1. Environment Setup and Data Acquisition

pip install pandas numpy scikit-learn matplotlib seaborn kaggle urllib3

Set up Kaggle API credentials and download the "Malicious and Benign Websites" dataset containing labeled URL samples.

2. URL Feature Engineering

# Engineer lexical features from raw URL strings

df['url_length'] = df['Url'].apply(len)

df['hostname_length'] = df['Url'].apply(lambda x: len(urlparse(x).netloc))

df['path_length'] = df['Url'].apply(lambda x: len(urlparse(x).path))
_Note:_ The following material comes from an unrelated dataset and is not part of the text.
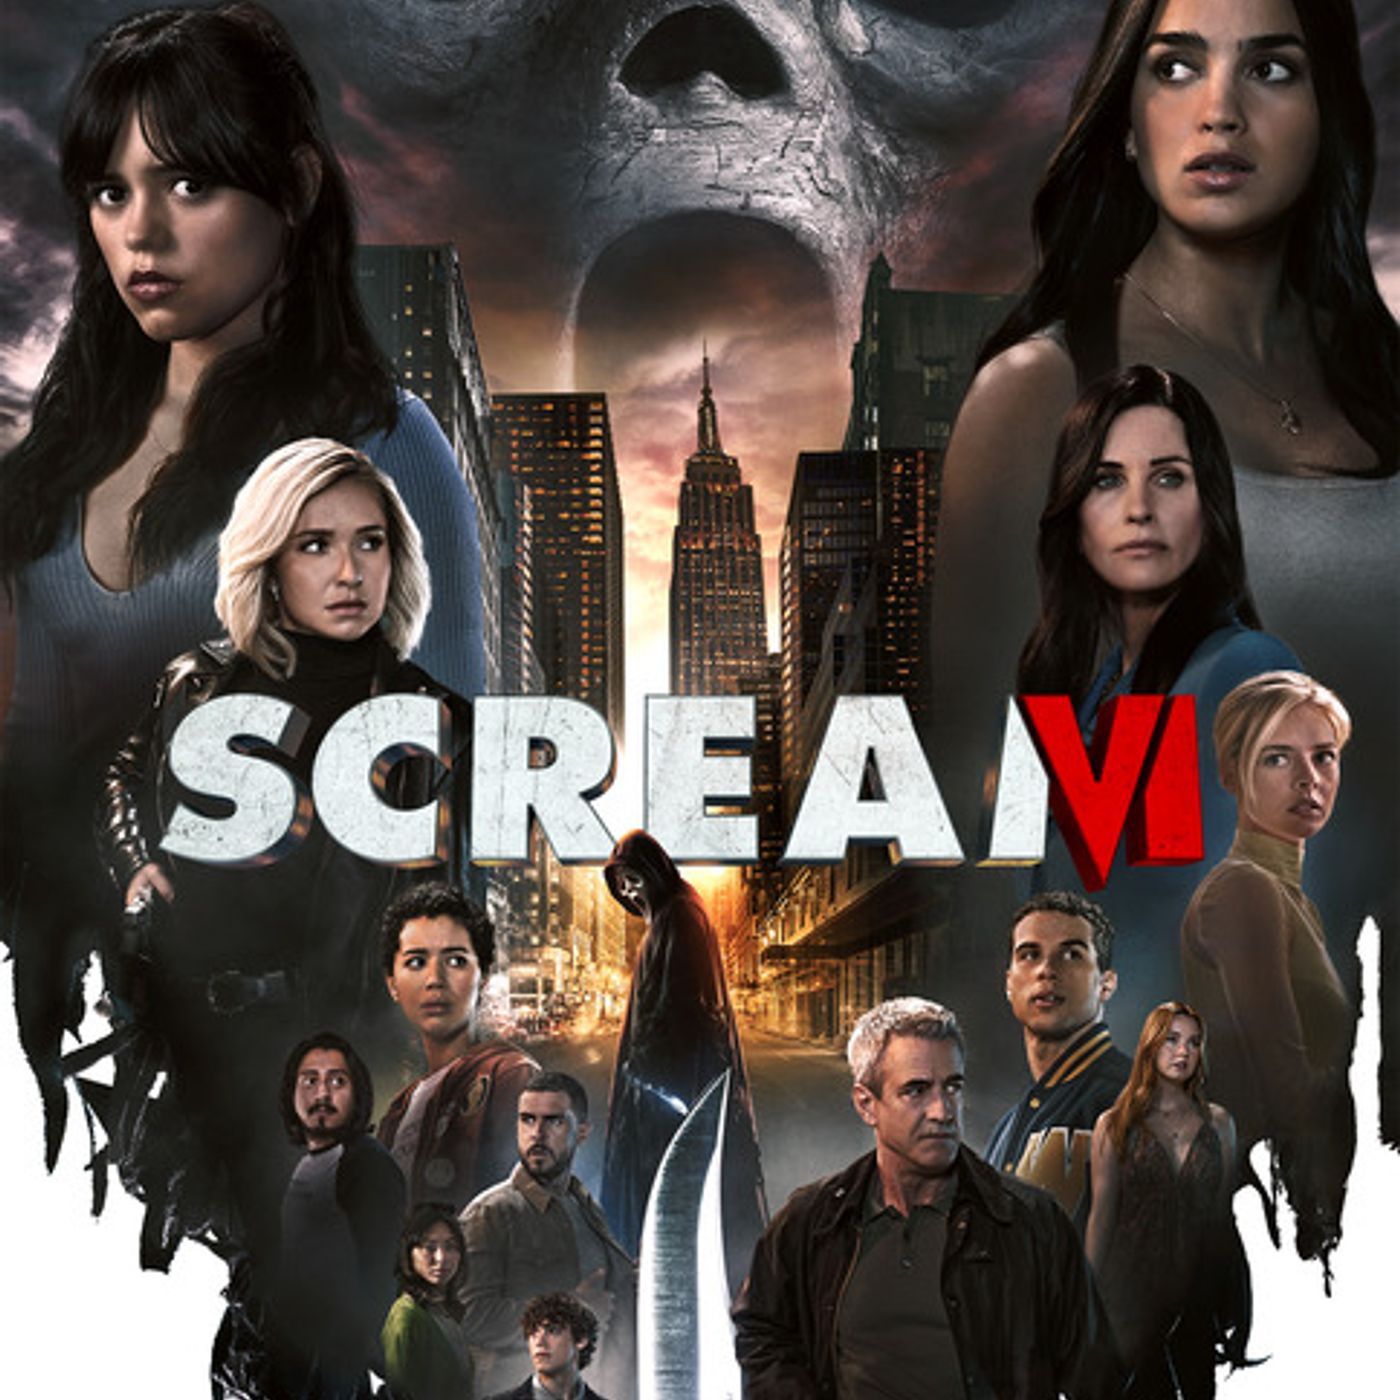 Scream VI (Podcast/Discussion)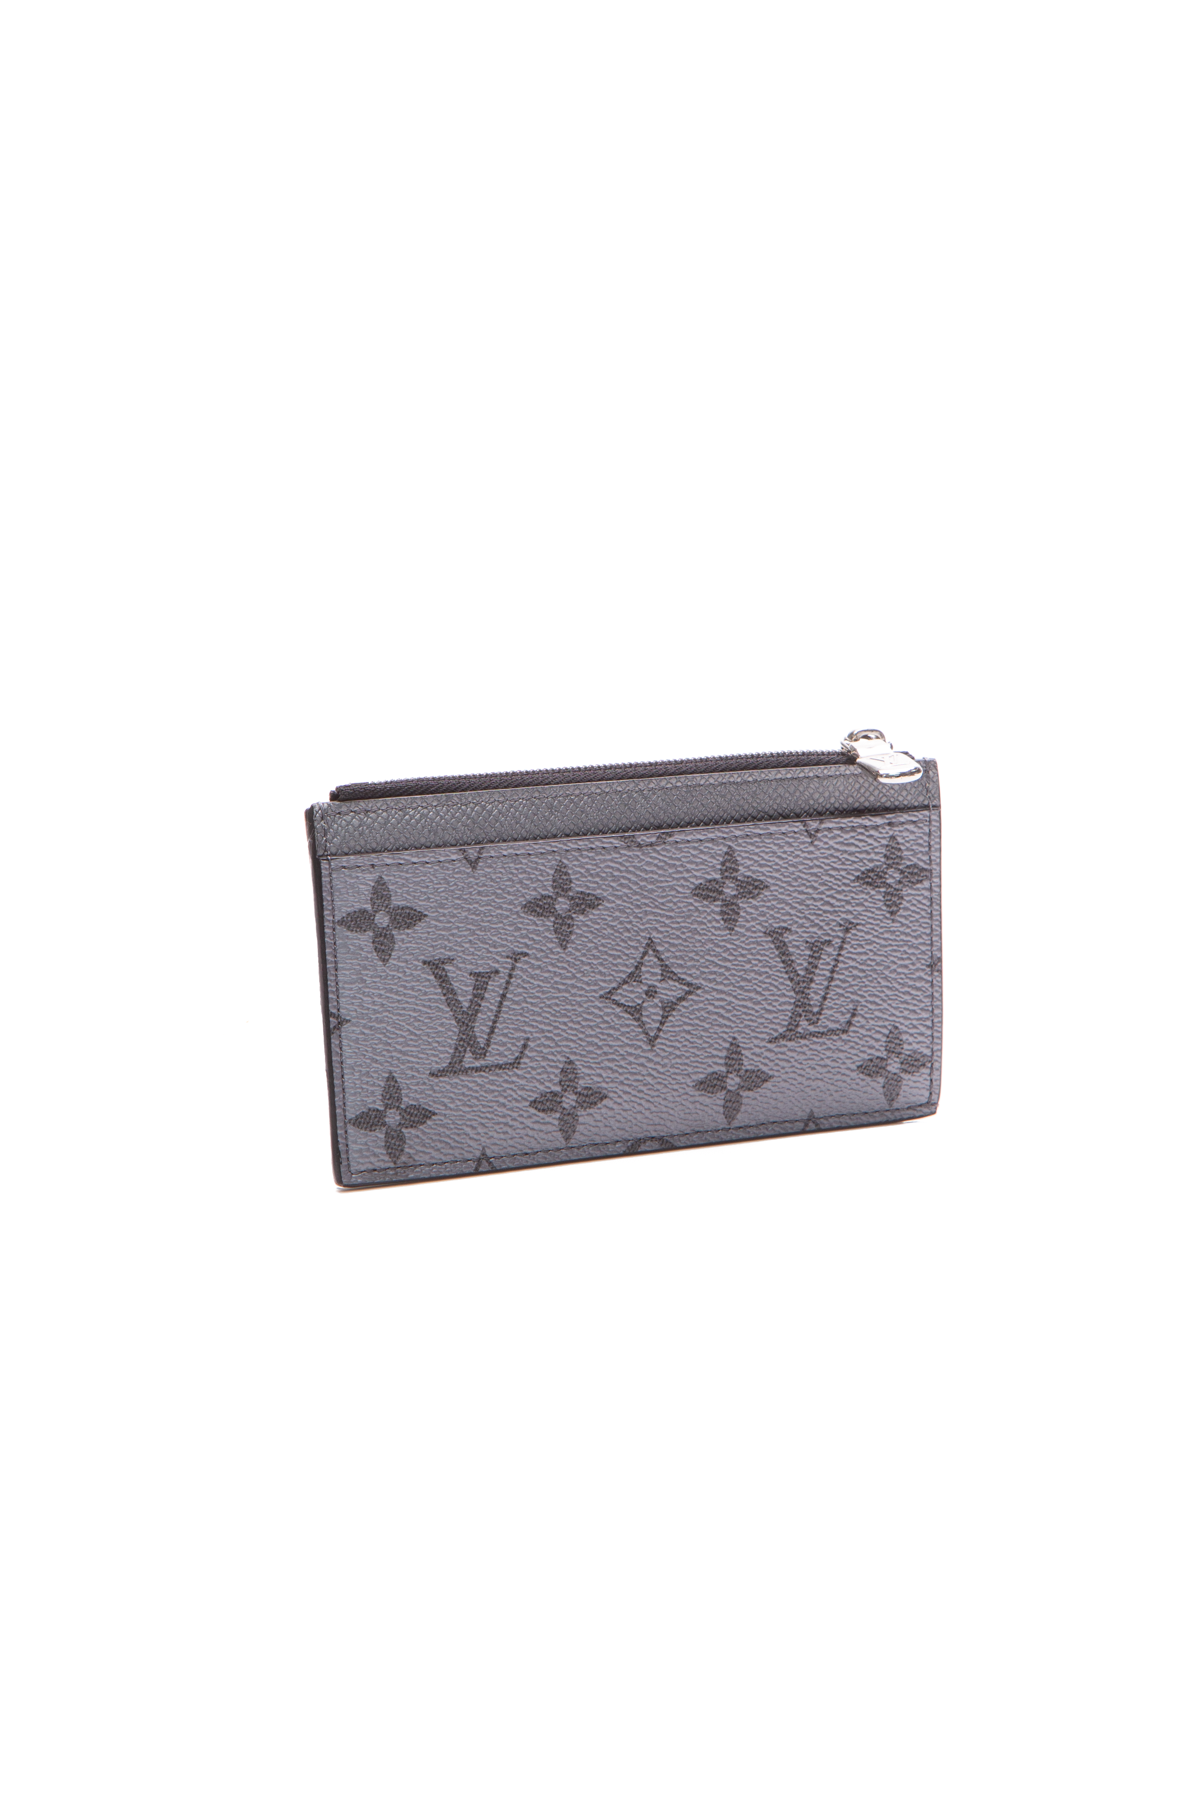 Louis Vuitton Silver Mono Coin Card Holder

df['count_dash'] = df['Url'].apply(lambda x: x.count('-'))

df['count_at'] = df['Url'].apply(lambda x: x.count('@'))

df['count_question'] = df['Url'].apply(lambda x: x.count('?'))

3. Data Preprocessing and Label Encoding

# Binary encoding: malicious -> 1, benign -> 0

df['Label'] = df['Label'].apply(lambda x: 1 if x == 'malicious' else 0)

# Feature scaling for logistic regression

scaler = StandardScaler()

X_train_scaled = scaler.fit_transform(X_train)

4. Model Training with Class Balance

# Logistic Regression for interpretability

model = LogisticRegression(

random_state=42,

class_weight='balanced', # Handle class imbalance

max_iter=200

)

model.fit(X_train_scaled, y_train)

5. Security-Focused Evaluation

# Classification performance

print(classification_report(y_test, y_pred, target_names=['Benign', 'Malicious']))

# Focus on minimizing false negatives (missed threats)

cm = confusion_matrix(y_test, y_pred)

6. Model Interpretability Analysis

# Feature coefficient analysis for threat intelligence

coefficients = pd.DataFrame({

'Feature': feature_cols,

'Coefficient': model.coef_[0]

}).sort_values('Coefficient', ascending=False)

Success Criteria

Primary Metrics:

- Precision for Malicious Class: >90% (minimize false alarms in production)

- Recall for Malicious Class: >90% (catch actual threats)

- F1-Score: >0.90 for balanced performance

Secondary Metrics:

- Model Interpretability: Clear coefficient rankings for security analysis

- Inference Speed: <1ms per URL for real-time deployment

- Feature Stability: Consistent feature importance across different data samples

Business Impact:

- Deploy in web proxies for real-time URL filtering

- Integrate with email security gateways

- Provide threat intelligence insights through feature analysis

Next Steps & Extensions

Immediate Improvements

- Feature Enhancement: Add entropy-based features and subdomain analysis

- Temporal Features: Incorporate domain age and registration patterns

- Context Features: Include referring page and user behavior patterns

Advanced Techniques

- Ensemble Methods: Combine with neural networks for improved accuracy

- Active Learning: Continuously update model with new threat samples

- Multi-class Classification: Distinguish between phishing, malware, and other threat types

Production Deployment

- Real-time Pipeline: Stream processing integration with network appliances

- Model Monitoring: Performance tracking and drift detection

- Feedback Loop: Incorporate security analyst feedback for continuous improvement

Domain Expansion

- Cross-Language Support: Handle internationalized domain names (IDN)

- Mobile Integration: Adapt for mobile app URL filtering

- API Development: REST API for integration with existing security tools

This project demonstrates practical application of interpretable machine learning for cybersecurity, providing both high accuracy threat detection and actionable insights for security teams.